> Task brief
The whole listing, please: repeat it exactly, with the pictures left out.

> Source material

[Start of section]

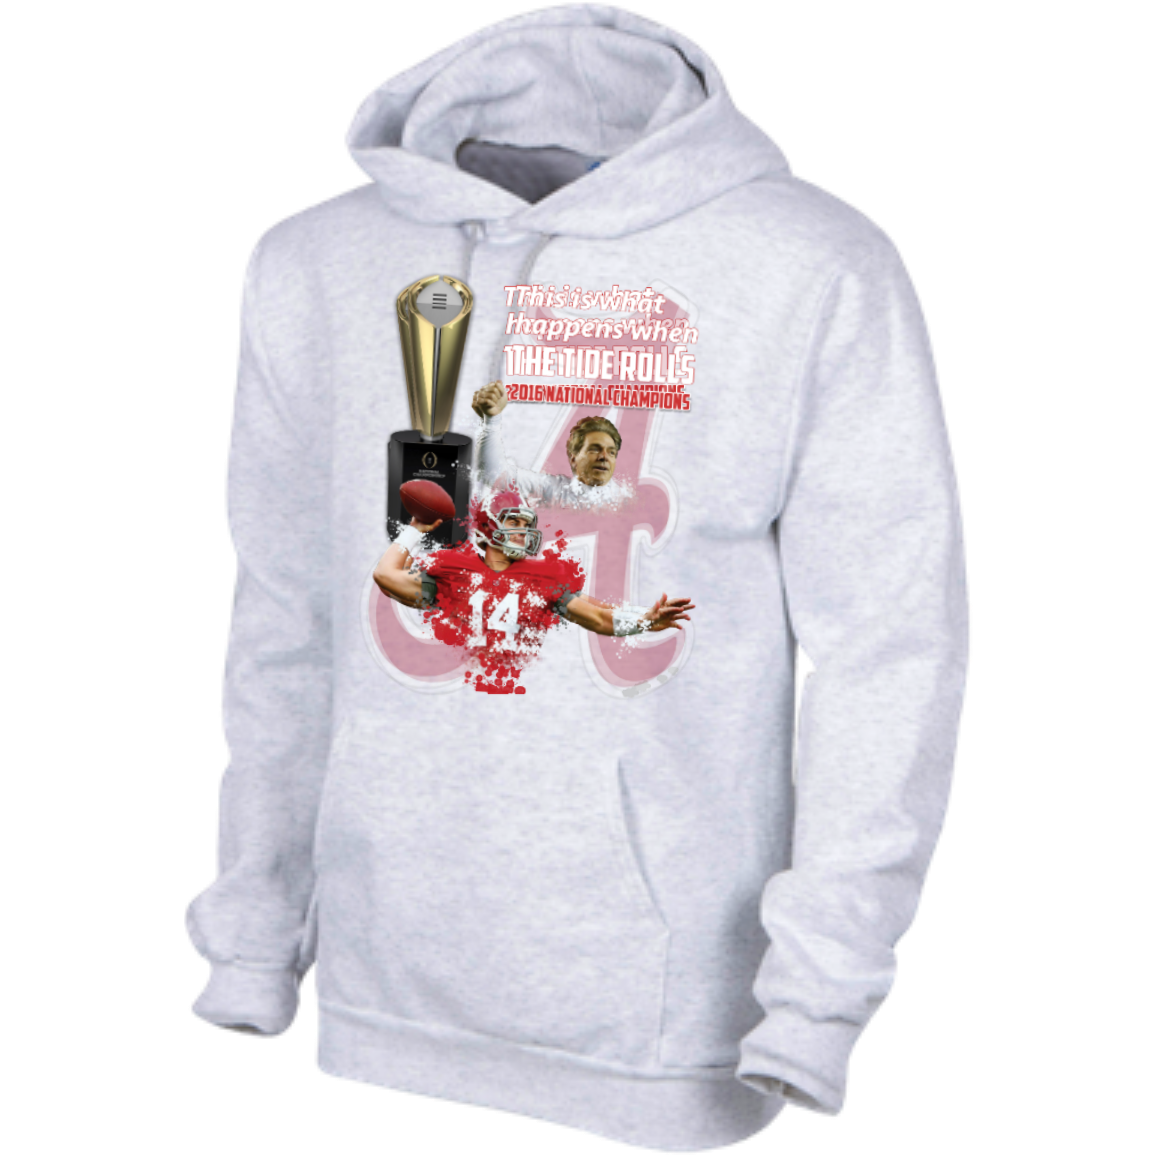 Alabama Crimson Tide 2016 National Champions Hooded Sweatshirt 9 5 Oz In 2021 Champion Hooded Sweatshirt Alabama Crimson Tide Crimson Tide [ 1155 x 1155 Pixel ]
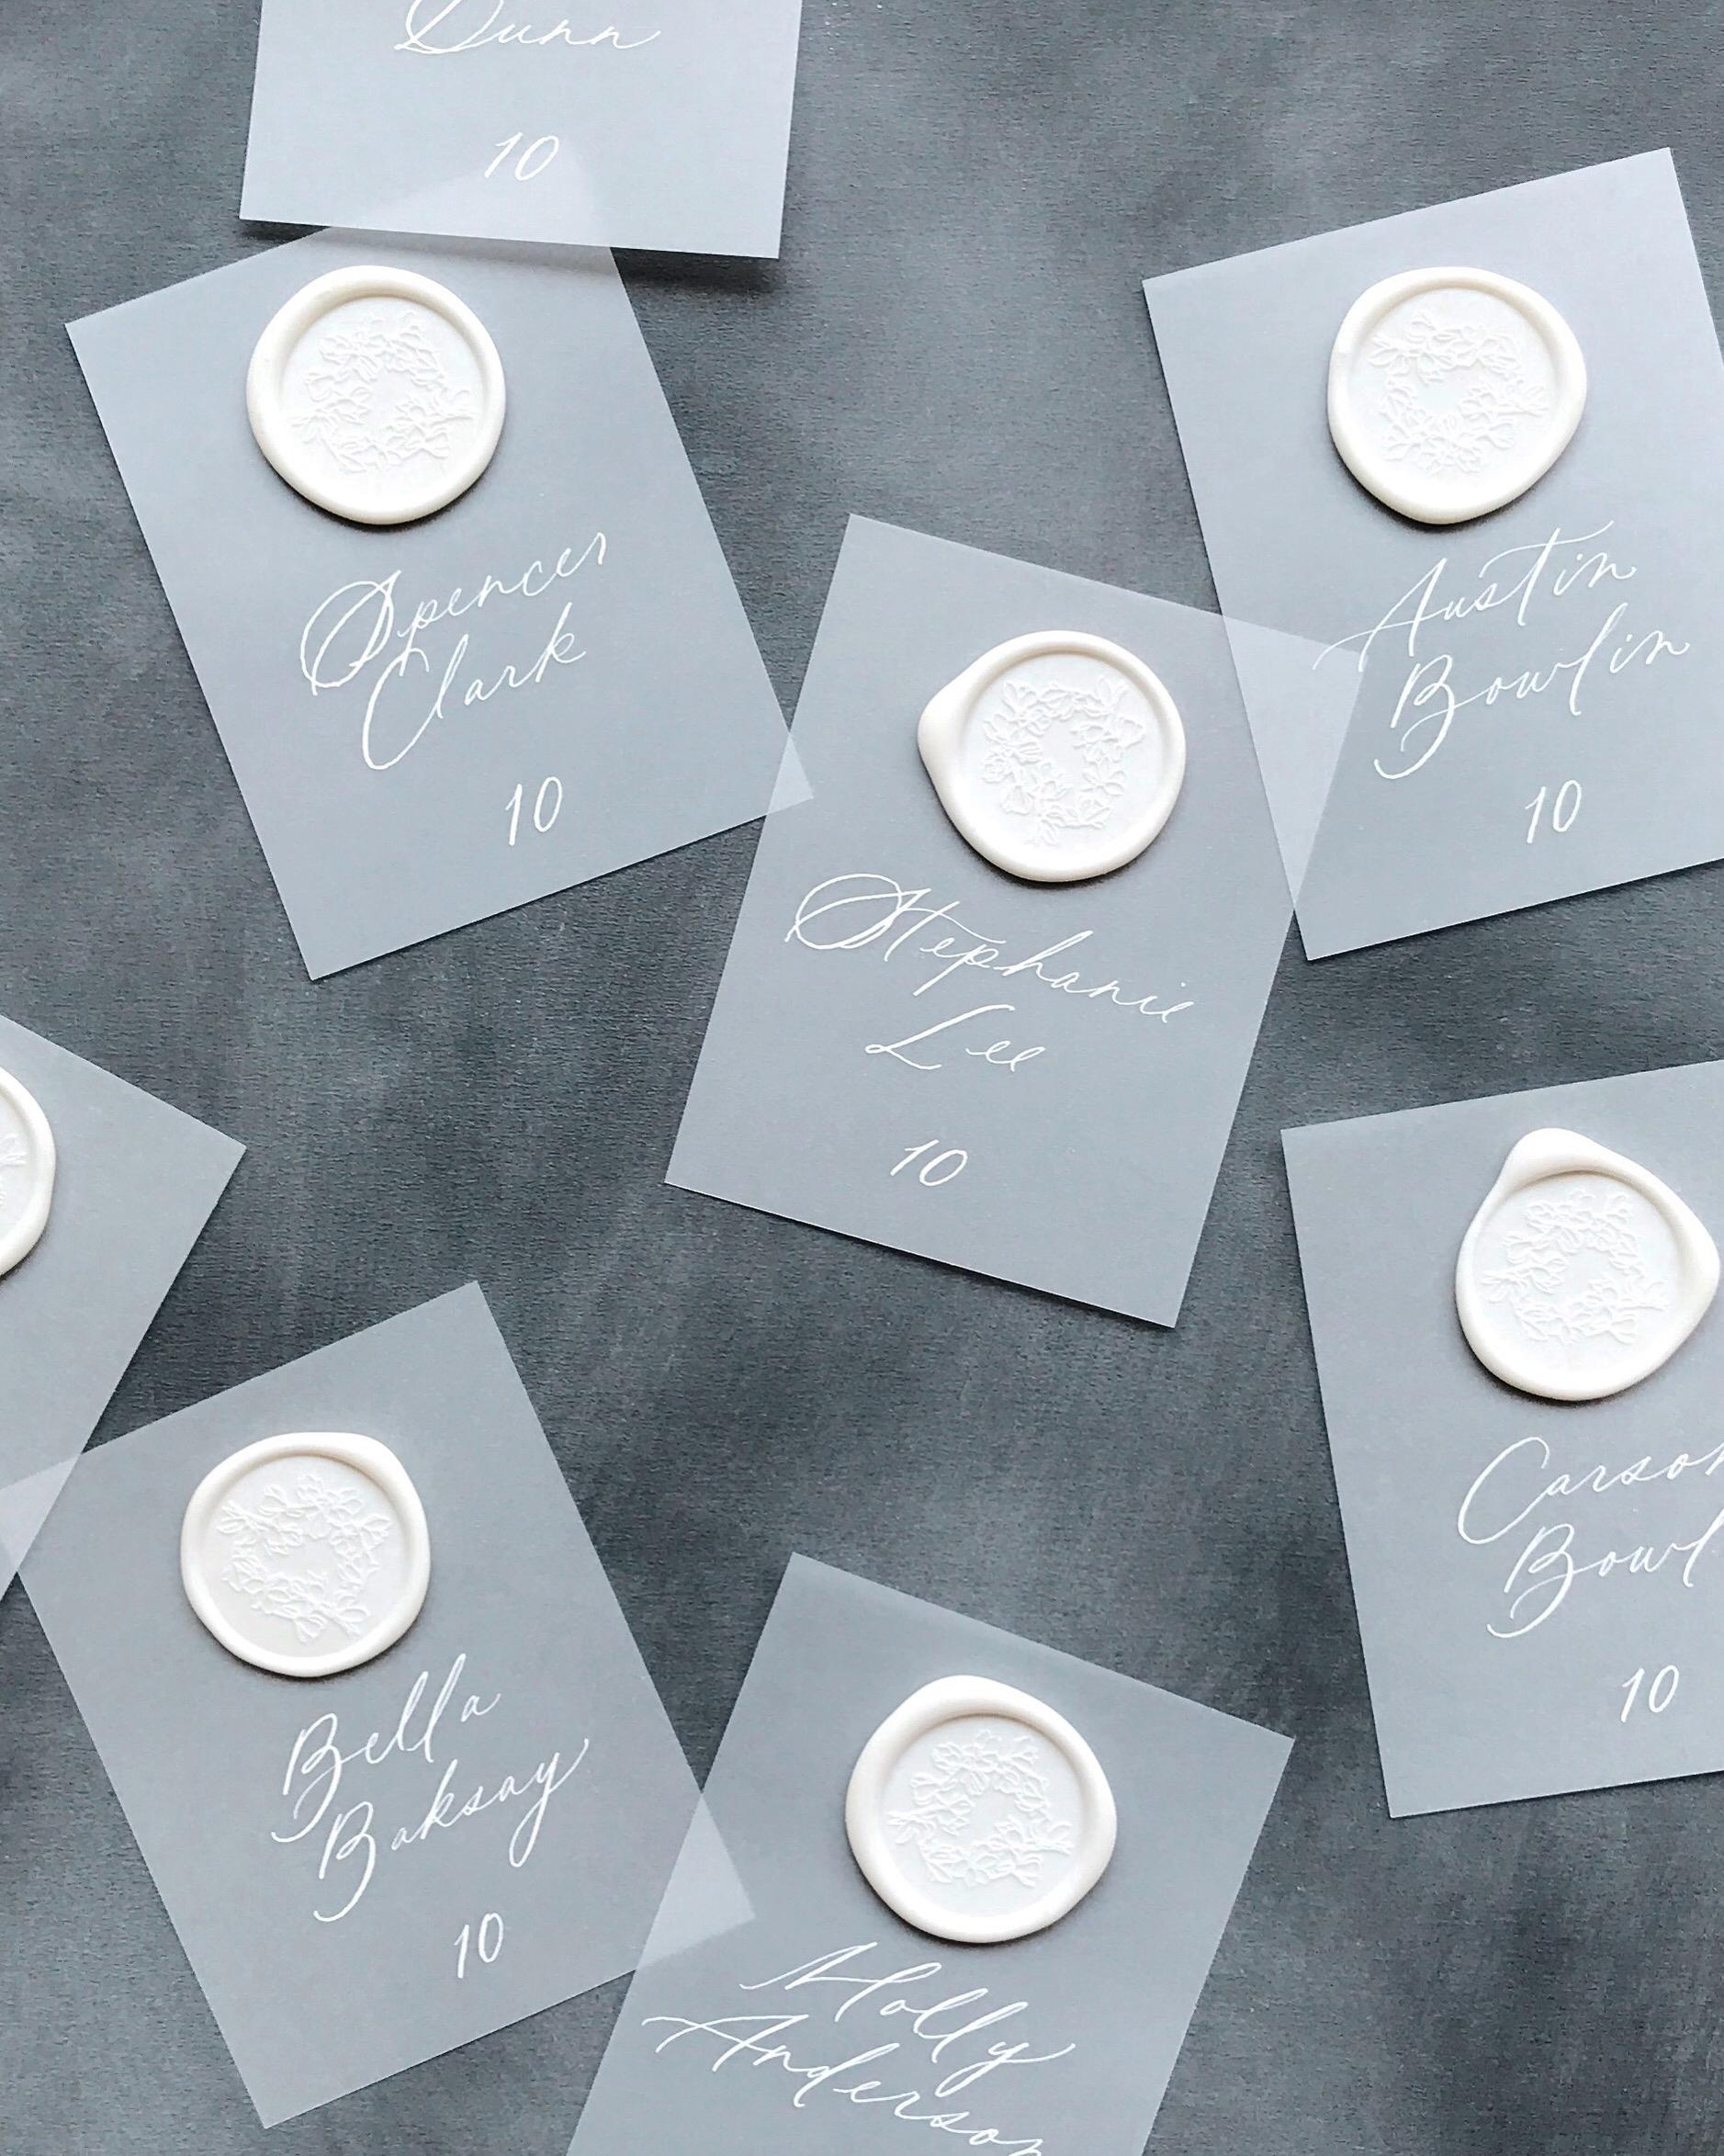 vellum escort cards with wax seals
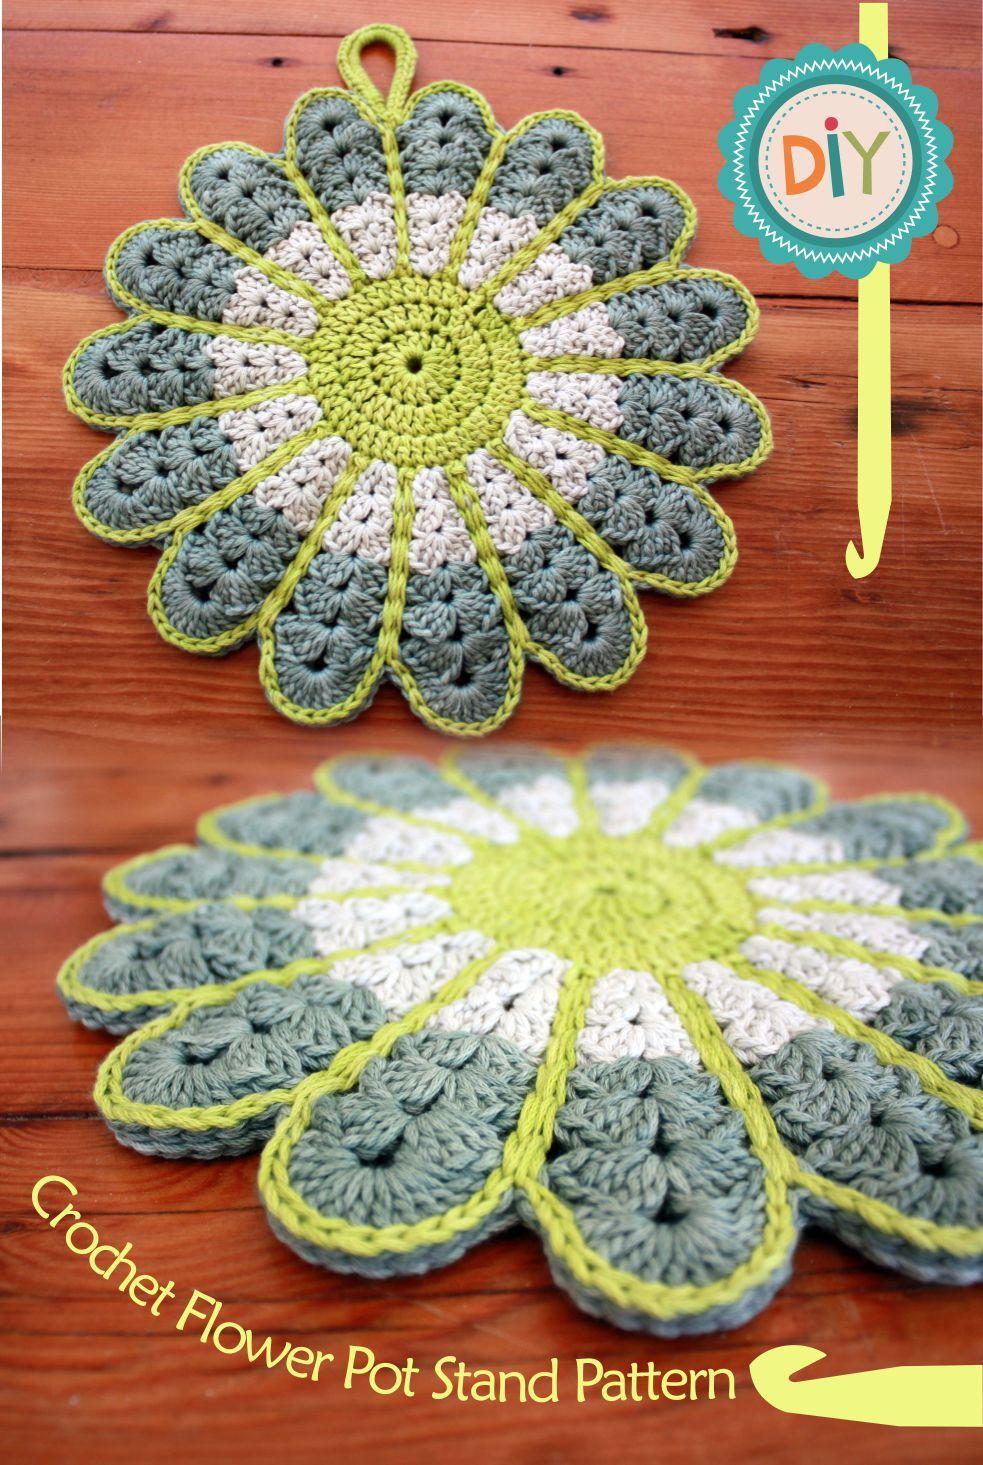 Colorful Crochet Flower Pot Holder with FREE Pattern | crochet ...

[End of section]

> Written solution
 Alabama Crimson Tide 2016 National Champions Hooded Sweatshirt 9 5 Oz In 2021 Champion Hooded Sweatshirt Alabama Crimson Tide Crimson Tide [ 1155 x 1155 Pixel ]
 vellum escort cards with wax seals
 Colorful Crochet Flower Pot Holder with FREE Pattern | crochet ...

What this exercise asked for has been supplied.